# Old school PPI FRX-456 crossover question



## mosk22rte (Dec 28, 2009)

This is a sanity check, and more or less a followup question to a post I made a few weeks ago about using a PPI FRX-456 crossover.

So I decided to use the PPI FRX-456 in my 98 4Runner. I am running this as follows:

Front: Bi-amped (Dynaudio MW-160s and MD-100)
Rear: older Nakamichi 3-ways (full range, for rear fill)
Sub: Illusion Audio ND-10 in sealed enclosure

I'll skip over the rest of the components as they aren't relative to the current question, which is: my front stage is two way. I have three crossover pots for the front: mid bass, mid range, and high pass. Based on this chart:










is it correct to hook the high pass output to the tweeter amp, the mid bass output to the mid bass amp, set the high pass crossover to whatever value I want, and set the other two crossovers to their smallest value (e.g., full range)? In essence, the only crossover value I set for the front stage is the high pass value, unless I want to limit the low range of the front woofers, in which case I do that using the mid bass crossover, which would essentially create a notch in the front sound?

It seems obvious and yet a part of it also seems counter-intuitive. 

Sorry in advance for posting such a n00b question, but I haz confuzion.

Thanks.


----------



## TREETOP (Feb 11, 2009)

The FRX-456 is a "tracking" crossover, meaning each output is selectable by it's own filter on one end and cuts off where the adjacent output is cut off on the other end. I'm scratching my head trying to come up with a better way to explain it, hopefully that makes sense.
Anyway, you're best off using the midrange output, as long as you don't need a crossover point lower than 80hz. If it needs to be lower than that you _can_ use the midbass output instead, I believe it's selectable down to 55hz on the highpass side but it'll only play up to the highest setting of your midrange highpass (which is also the tracking midbass lowpass) which maxes out at 1700hz. That's asking a lot from your tweeters.. 
If you use the midbass output for your midrange, and skip the midrange output, you can underlap the midbass/tweeter crossover points but since it's a 12db/octave Linkwitz-Riley filter it filters best by using the tracking controls and using midrange and tweeter outputs to your mids and tweets.


----------



## mosk22rte (Dec 28, 2009)

Thank you -- that does make a lot of sense. The manual did describe the FRZ-456 as a tracking crossover, but I didn't understand what that meant. The manual isn't as clear as it could be on how to set things up for a two-way system, and none of the examples match my system.

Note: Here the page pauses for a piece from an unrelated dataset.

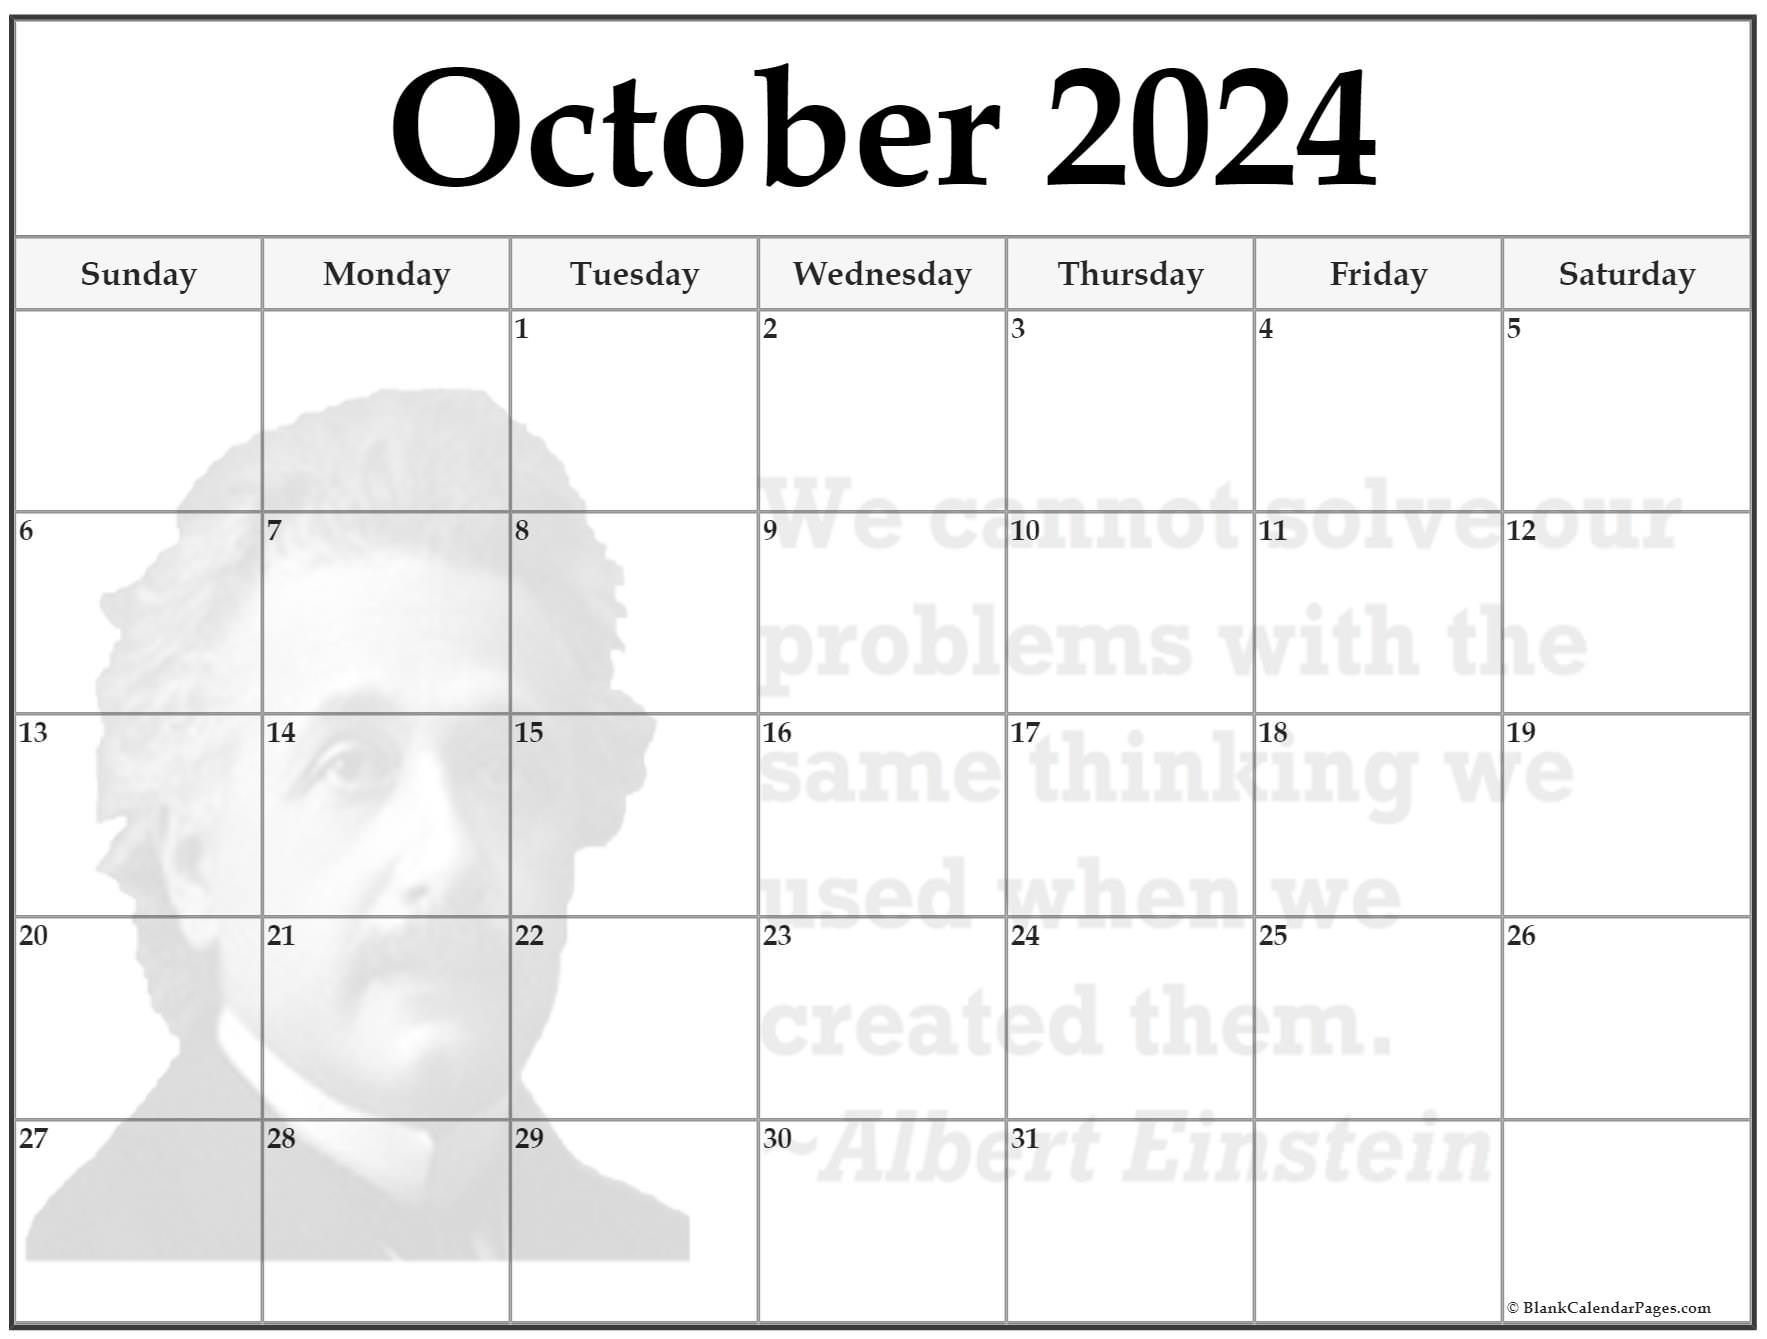 24+ October 2024 quote calendars
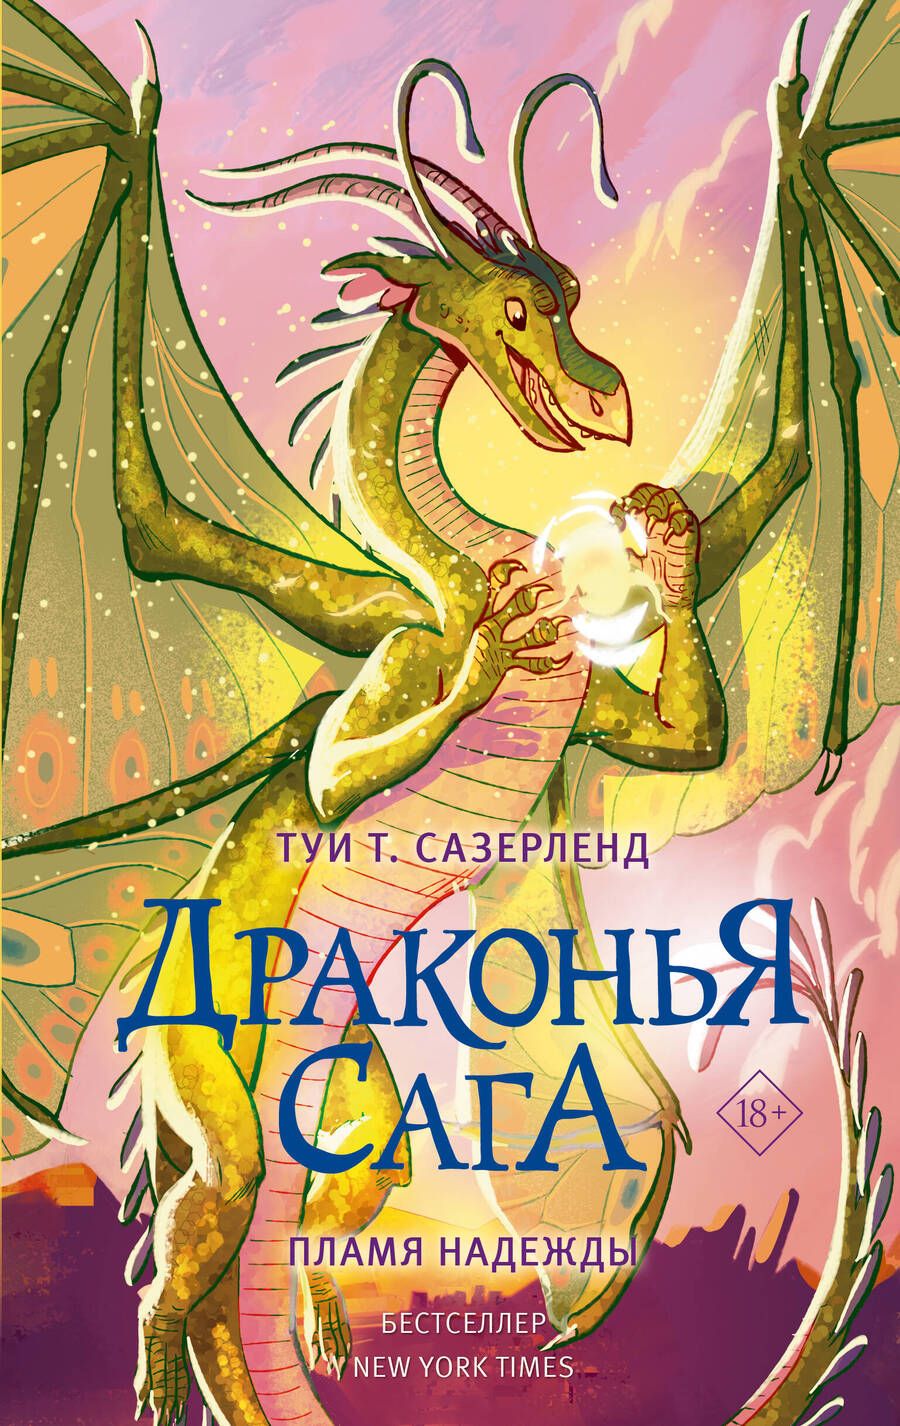 Обложка книги "Сазерленд: Драконья сага. Пламя надежды"

Follow-up question: any recommendations for crossover points for the above Dynaudio speakers? The MW-160 is spec'd with a frequency response of 55Hz - 3.5kHz; the MD-100 is spec'd with a response of 2,500Hz - 25kHz. If it matters, the tweeter amp is a Nakamichi PA-304, and front mid-woofer amp is a Soundstream Rubicon 555 (run in 3-way mode, i.e., channels 1 & 2 and 3 & 4 bridged + mono sub channel).


----------



## TREETOP (Feb 11, 2009)

Personally I'd start out with the MW-160 at 80hz-3khz and the MD-100 from 3khz up, and go from there.


----------



## marko (Jul 10, 2006)

this is the only problem with the 456, i had one and loved it but it's geared towards a 3way front end, running it 2 way means a cut off of 80hz and ideally you want to be down to 56hz like you can running 3 way.

i'm sure if you were clever enough you could actually change a few components inside and have what ever frequency you like..


----------